Psalm 66:18 The Voice
Understanding that pain is real and is part of the human condition. We must not become reduced to seeing everyone different than us as the enemy.
History can never be erased, but it can be repeated, rhymed, and revisited, especially by those who never learned it in the first place. That is why a whole and comprehensive history must be taught in our schools, enriching the real significance in our youngest learners’ lives by embracing and sharing in the lives of equally significant young learners that may be facing a different American experience.
So, try them on, and take a step or two; your feet may slide or slip because the size is too big for you. The temptation to quit may holler in your soul because it challenges your comfort. That is where the sequelitis of the conversation meanders into something that can end in a real and unmistakable change of hearts and minds.
What the above describes is Empathy. It’s not always pretty or chronological but nevertheless persistent. Empathy does not mean compromise on one’s personal or group beliefs. It simply means understanding what it is to walk in another person’s shoes.
By shaving away outliers at the fringes of rhetorical imagination we will find that we have so many things in common and we are not as different as we are told we are. However, we often succumb to incantations of divisiveness. This is where the loudest voices on the fringes gain their strength. This is noted in scripture’s words saying,
“Any place where you find jealousy and selfish ambition, you will discover chaos and evil thriving under its rule.” James 3:16-17 “VOICE”
In the end, the breath of our humanity weighs in the balance, and when it is snuffed out like a candle. the ugly residue of the base animal emotions of fight, flight, freeze and fawn are all that remain. When we look at the darkest moments of our history, we can find the commonality of dehumanization at its root.

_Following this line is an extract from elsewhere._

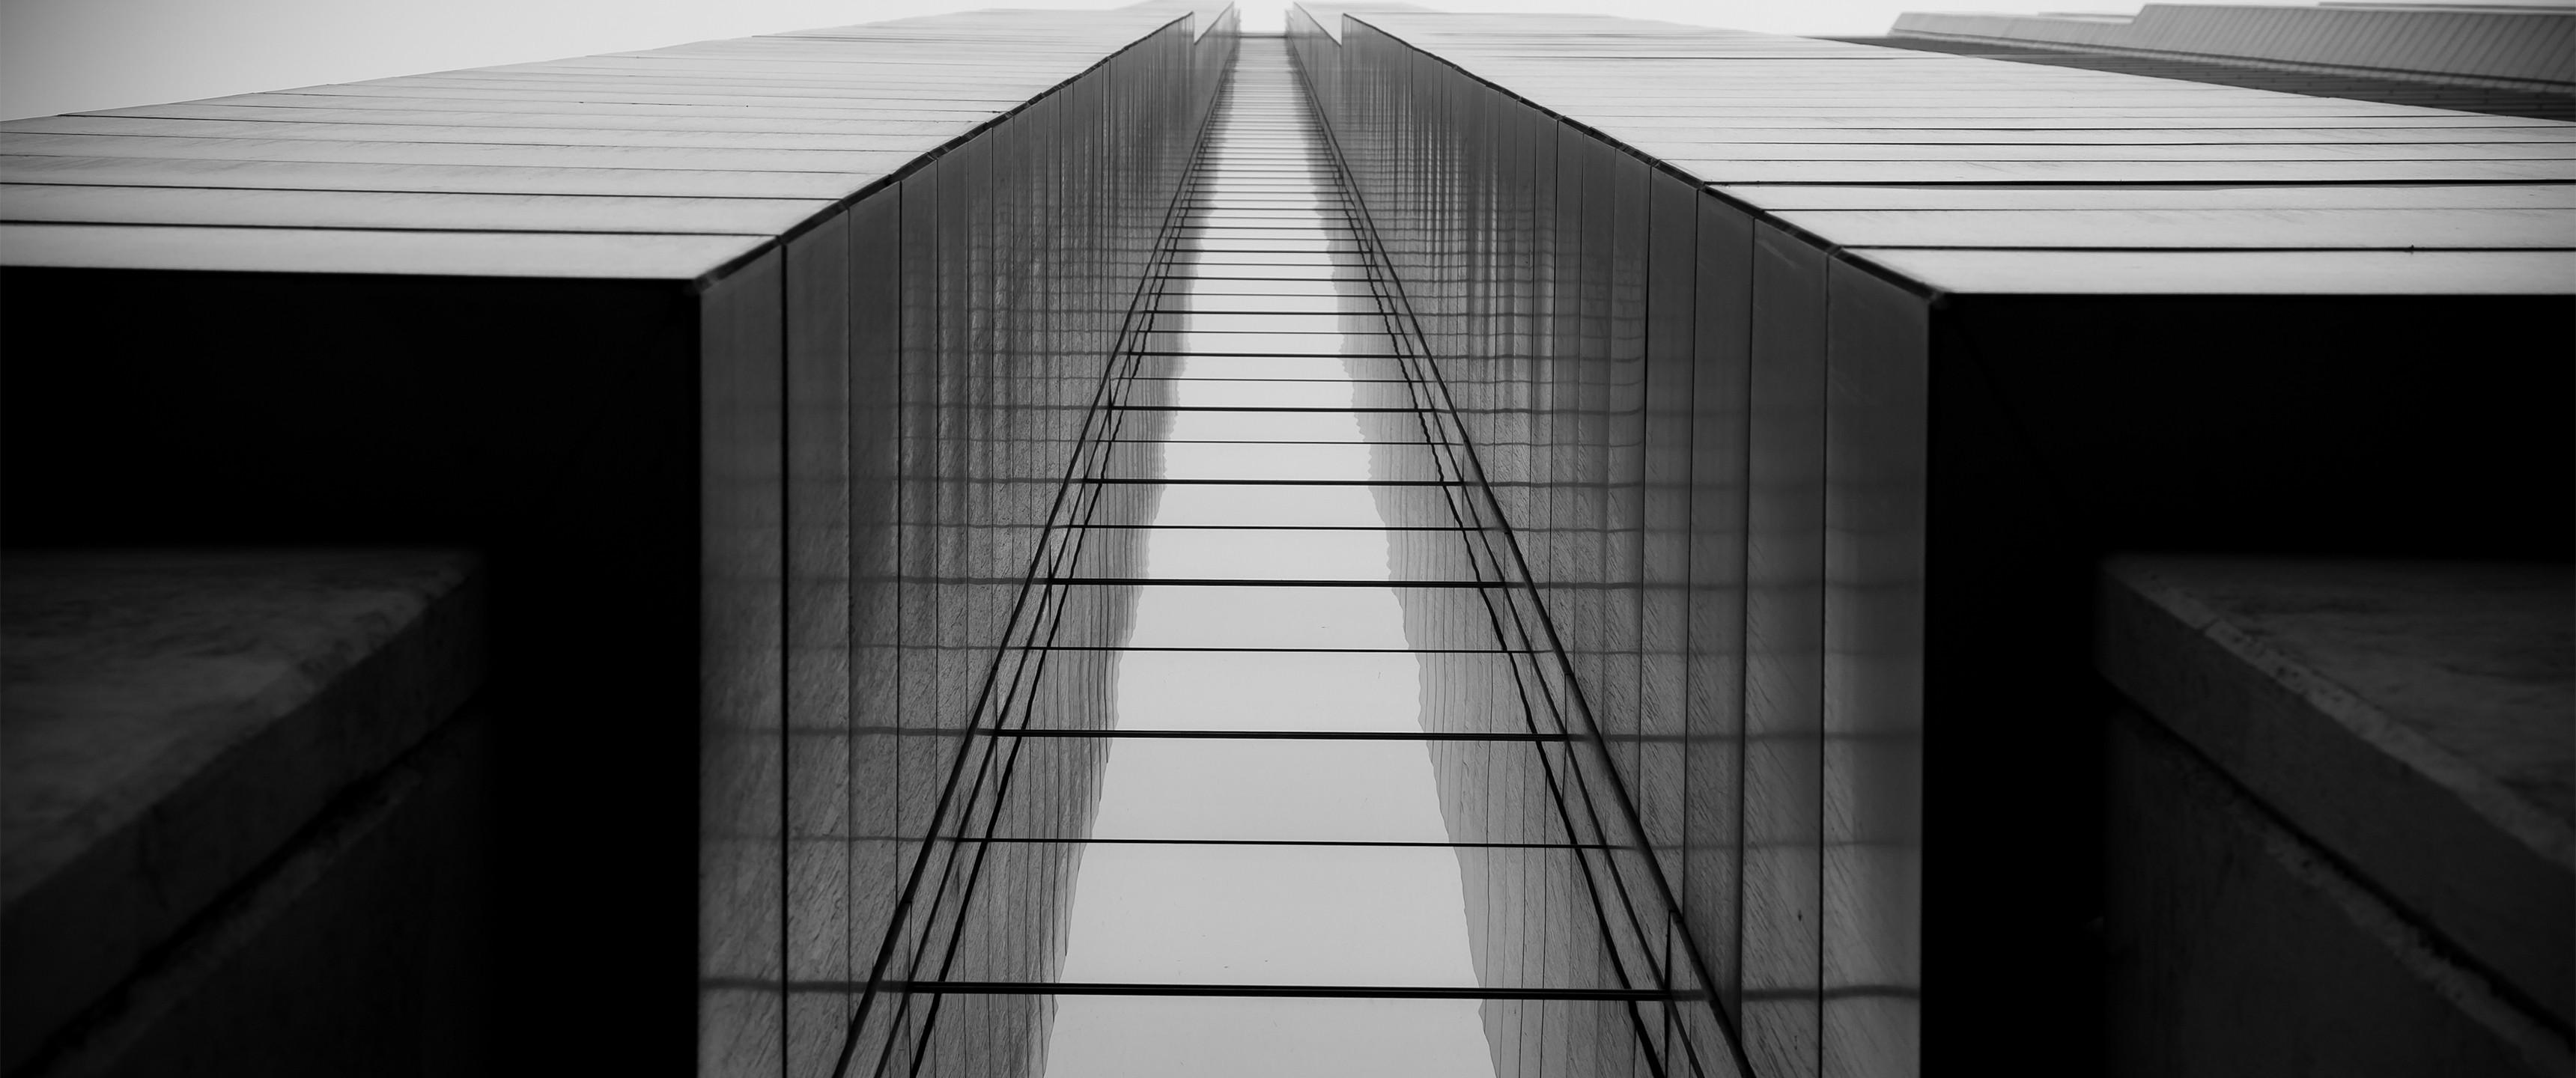 Fondos de pantalla monocromo arquitectura edificio for Disenos de interiores en blanco y negro

That is where the concept of Three-Fifths Magazine was birthed, by speaking truth to power and restoring the humanity that was never fully restored to populations that were written out of the American story by the Three-Fifths Compromise and every member of BIPOC America that suffered similar dehumanization. We have invested the last two and a half years writing these populations back into their rightful place in this story. This, we will continue as a Voice of Clarity purposed to dismantle systemic racism and ask the proverbial questions of “Where does it hurt?” and “How can I help relieve the pain?”
Finally, before imaginations go adrift into the land of “whataboutism,” According to Janice Gassam Asare, Ph.D and her article Is Diversity Equity And Inclusion Officially Dead? “Anti-racism should be the nucleus of any DEI efforts; a failure to prioritize racial equity in DEI work means that inequities will continue to persist. The result of the divestment from DEI will have deleterious effects on racial diversity in the workplace. Deprioritizing DEI means that racial disparities will widen.”
Yes, many Americans have real concerns about pain and hurt, but it must be made clear, to have a thorough understanding of, and healing of the original national transgressions of chattel slavery, indigenous genocide and their extrapolations to the present, must be prioritized in any conversation of national healing.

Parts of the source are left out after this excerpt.